An old brewers’ adage: “Five ingredients for excellent beer: malt, hops, water, yeast, and friends.”
As Tallahassee lurches into the 60-day 2015 Legislative Session on Tuesday, state Sen. Jack Latvala and Rep. Dana Young fired another salvo in the developing growler debate.
In December, the two Tampa Bay Republicans announced the creation of the Brewing Liberty Caucus, which holds its first official meeting on Monday, March 9 starting 7 p.m. at the Proof Brewing Co., Tallahassee’s first craft brewery.
The Caucus is a bicameral, bipartisan caucus intended to educate the Legislature about Florida’s flourishing craft beer industry, as well as provide a forum to debate issues facing craft breweries. The lawmaker’s goal is simple: creating the best business-friendly environment for the craft beer industry.

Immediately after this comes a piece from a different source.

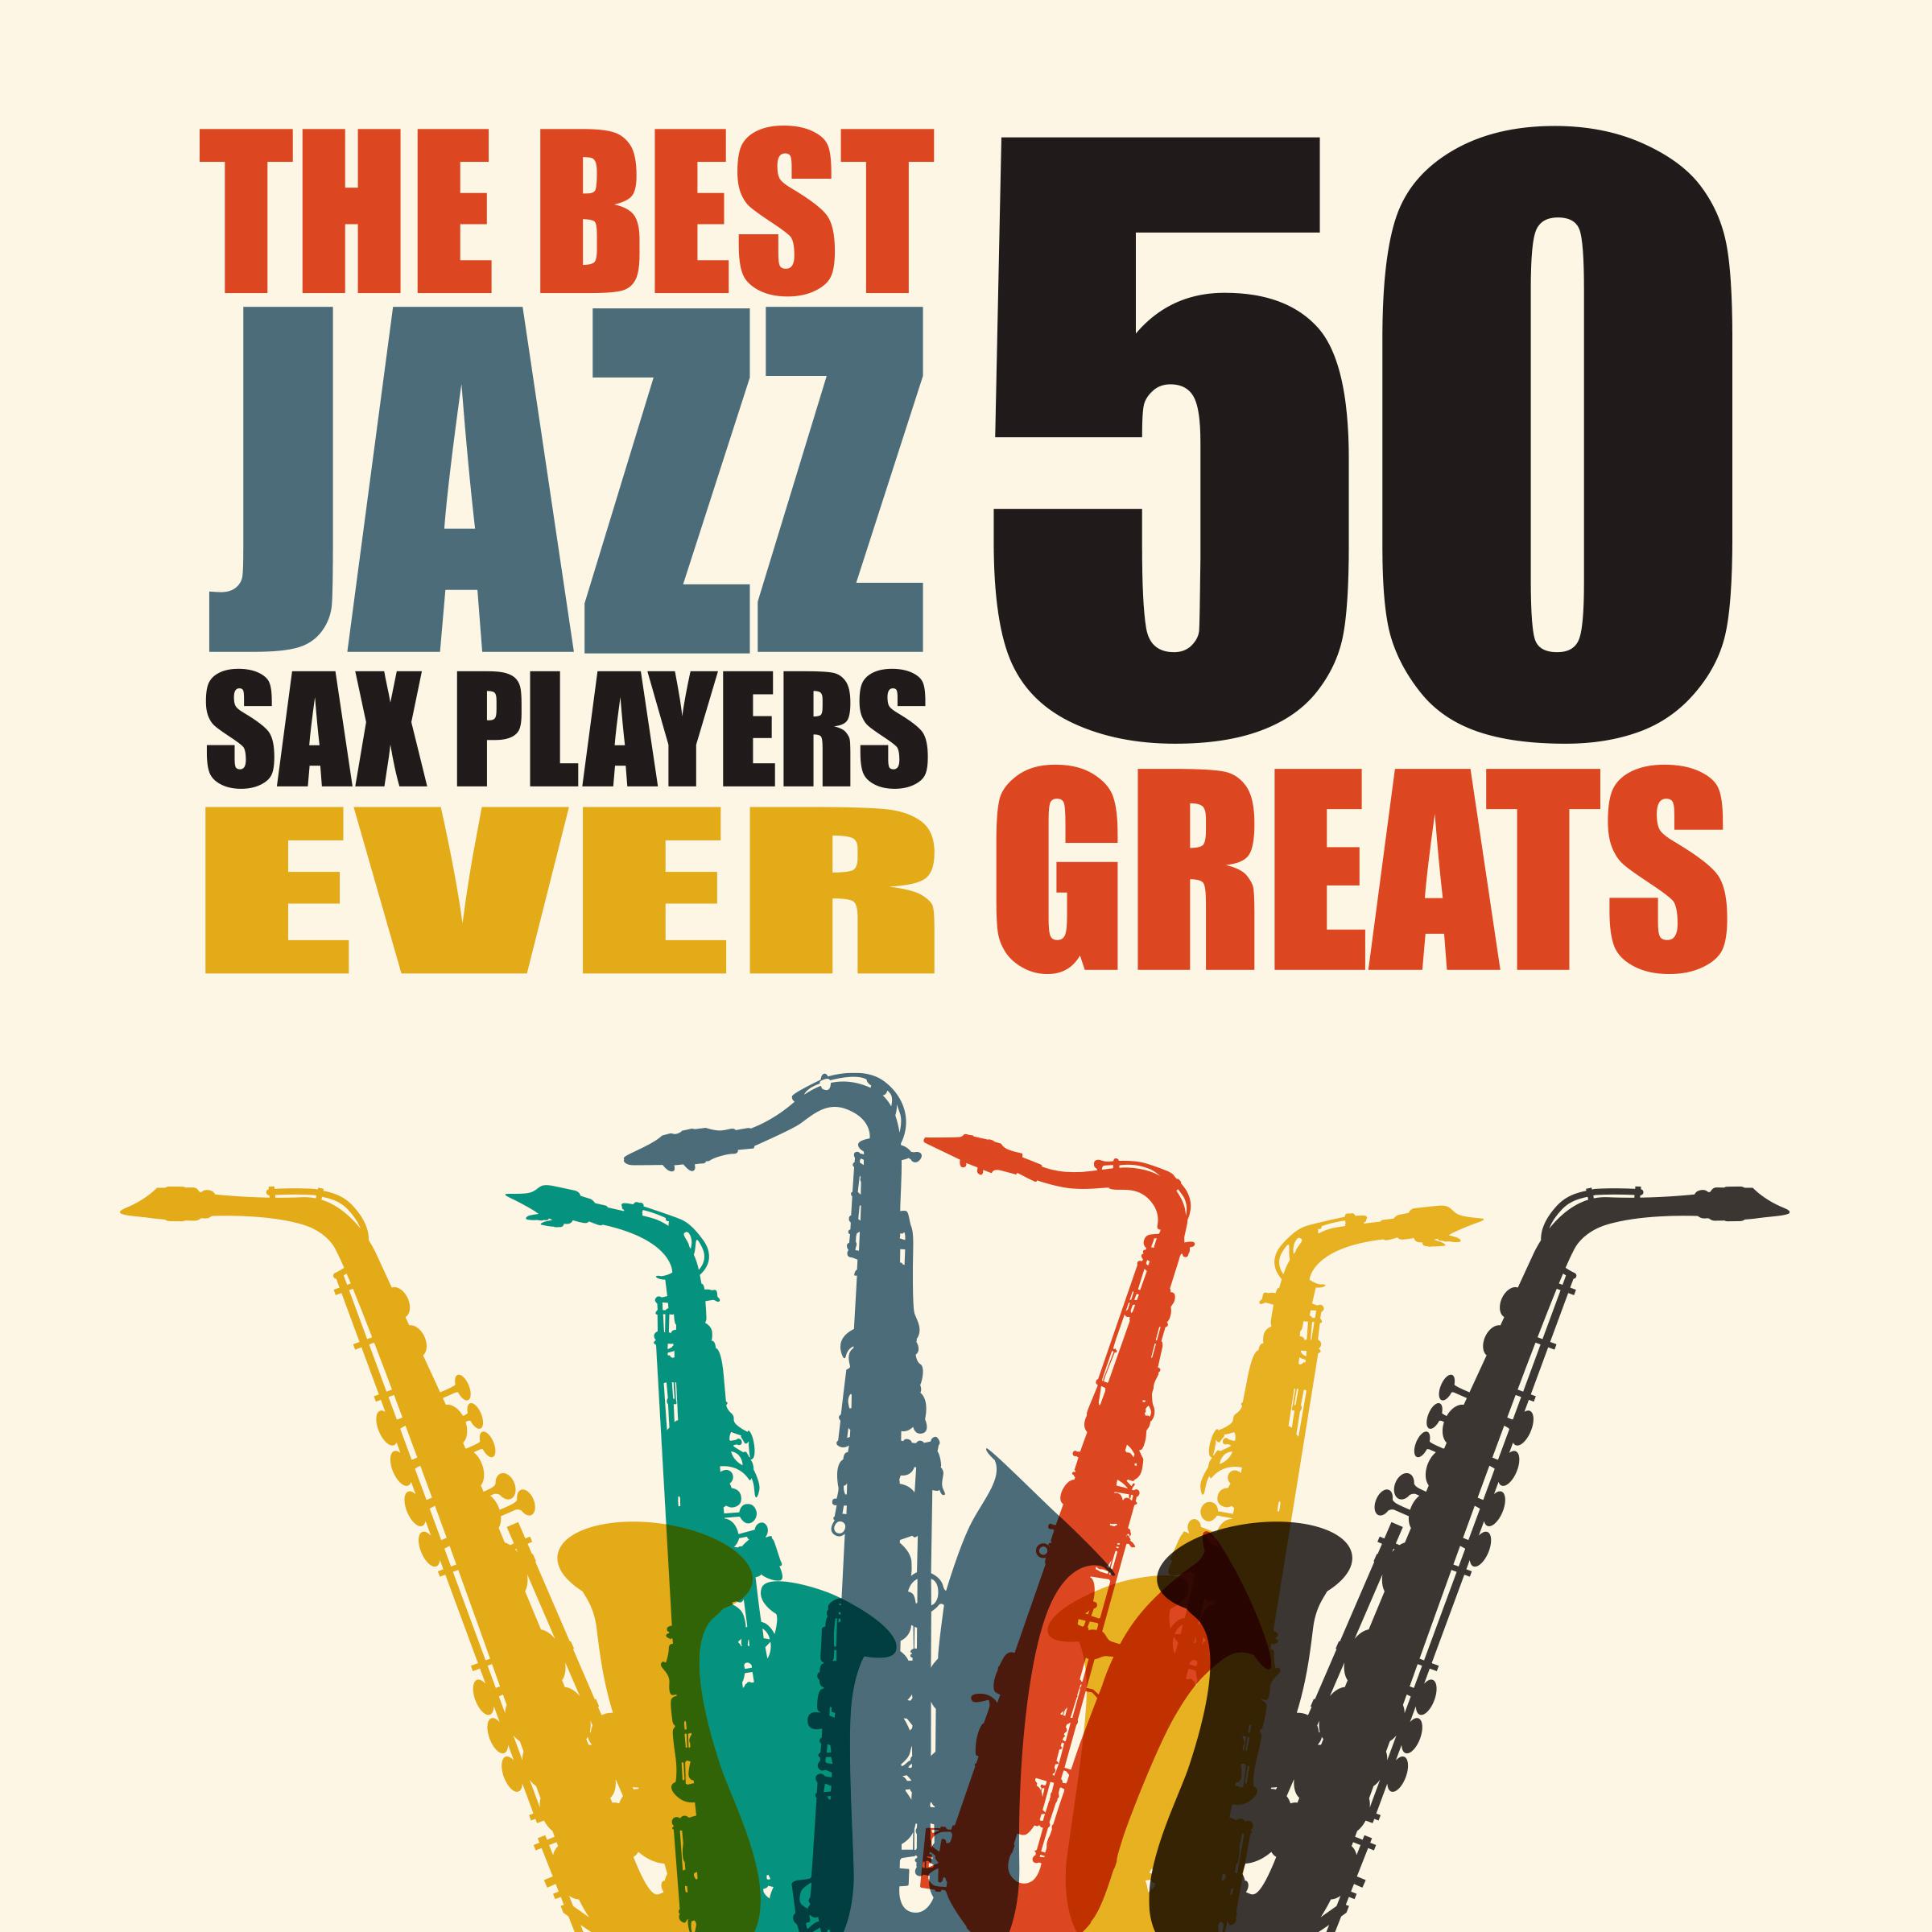 The Best Jazz Sax Players Ever - 50 Greats

At the top of the list, one provocative question: Why are 64-oz. “growlers” legal in across the country but Florida, Mississippi and Idaho?
Some critics say it is due to laws favoring distributors, where smaller beer producers, like microbreweries, cannot sell directly to the consumer. Instead, they must sell their product to distributors — then buy it back to sell to customers.
With the rise of craft beer in the Sunshine State, this cronyism is on full display, and the “growler” debate puts it front and center.
Although significant players in industries may be behind these onerous regulations, having the size and scale to comply, growler bans – among other rules — hurt smaller competitors.
In addition, public sentiment, through love of craft beer and free market friends such as Latvala and Young, beer distributors may start to realize the small business breweries are disrupting the status quo.
And the jig is up.
On Monday, the Caucus just might be taking its first steps to victory with growlers, and for small business in general.